I mean he does seem to want to support the idea of diversity and sees it as something positive but then undermines it at the same time, by hanging on to the idea of immigrants being a problem. On immigration, he takes on and speaks to the issues that have been consistently raised by the Tories and the Tory press. He sings from the same hymn-sheet. So his starting points are all defensive – yes we got it wrong on immigration, too many immigrants can undercut wages and exclude British workers from the job market, we have to get over the fact that Britishers can be disadvantaged. And the valid point he makes – that everyone should benefit from immigration, but that has not happened – gets lost because he shies away from the actual class and economic issues that this throws up. It is true that it has been the working class that has not benefited from migration but he has no philosophy, no overarching vision of society in the global age which could provide a framework for fundamental new programmes. He wants to speak up for the working class but has not got over the consensus politics of Blair, he is agreeing essentially on the Tory immigration policy and quarrels with its implementation but not the policy itself. He has no overall policy to speak of. Quite simply Labour has no ideology (to use a bad word) whereas the Tories have ideology coursing through their veins: it is a part of their collective unconscious.

Hence Miliband sees the working-class aspect of immigration when it comes to the competition for jobs, housing, education etc but when it comes to immigrant workers coming in, he no longer sees them as part of the class – they are ‘immigrants’, outsiders set apart. What he should be talking about is how to increase the stock of housing, the educational infrastructure, the health service for the whole working class – which includes immigrants. That would be true integration, true Labour. But as it is, globalisation and free market economics determine the dynamics of immigration and submit what is left of the welfare state to privatisation and the market.[1]

But wouldn’t that predicate a completely different economic policy?
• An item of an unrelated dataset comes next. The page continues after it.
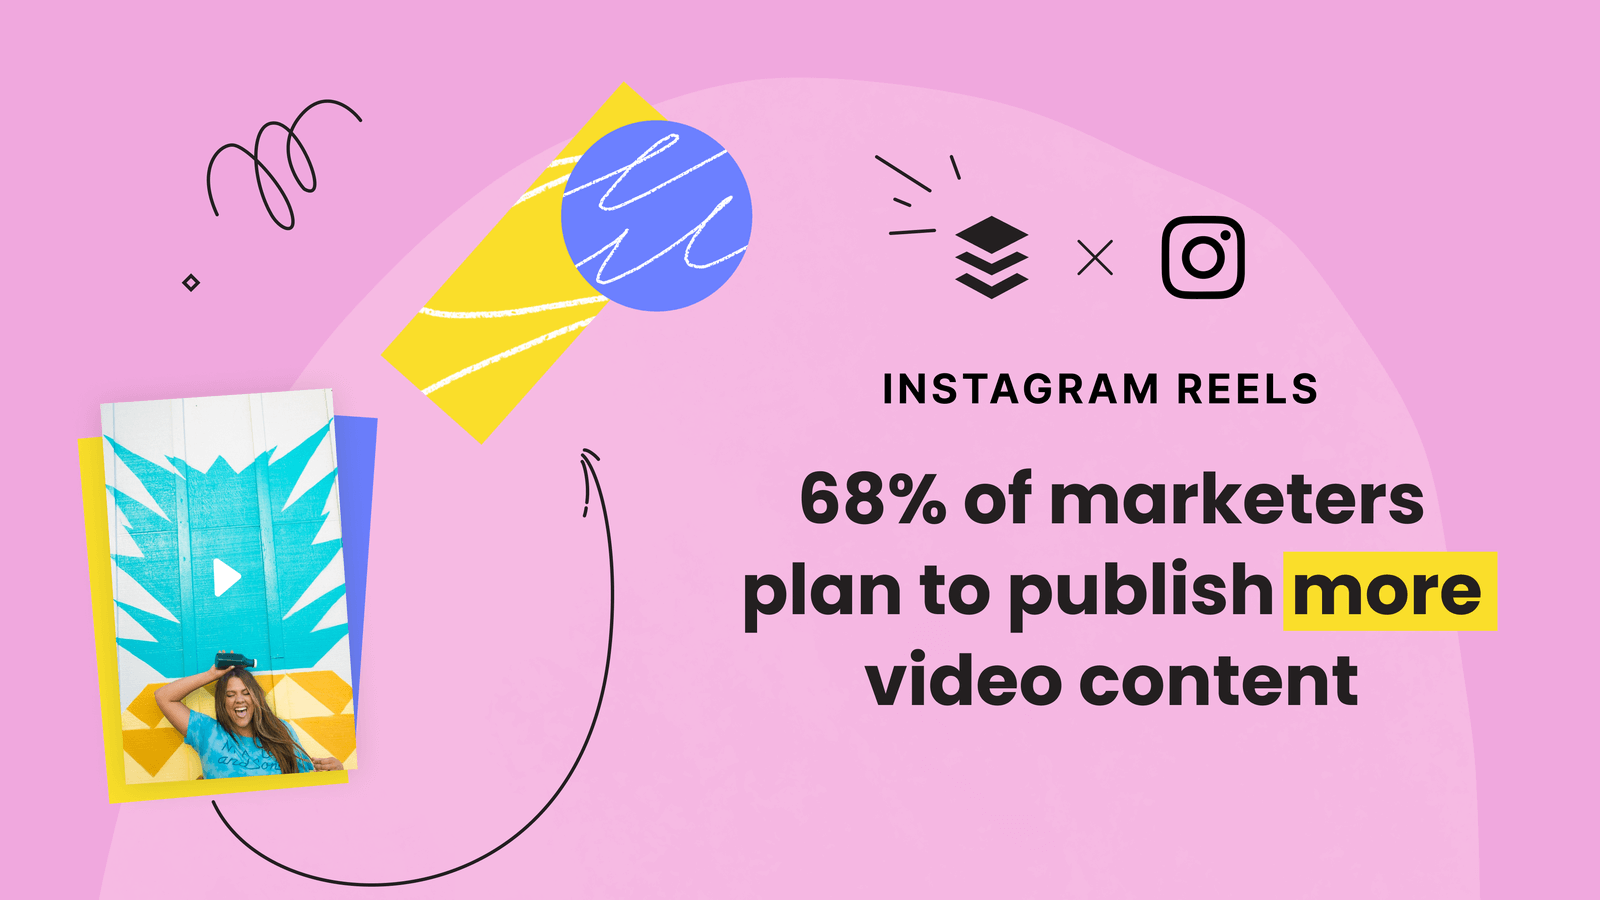 68% of marketers plan to post more video content on Instagram

Yes but that is exactly why Miliband’s piecemeal efforts are bound to fail, as austerity politics are bound to fail. In a recession I would have thought it obvious that we need Keynesian policies of investment and growth and control over the market. In the final analysis, a free market means an unfree people.


[1] A.Sivanandan, ‘The market state vs the good society’, Race & Class, Vol, 54, no.3, 2013.


The Institute of Race Relations is precluded from expressing a corporate view: any opinions expressed are therefore those of the authors.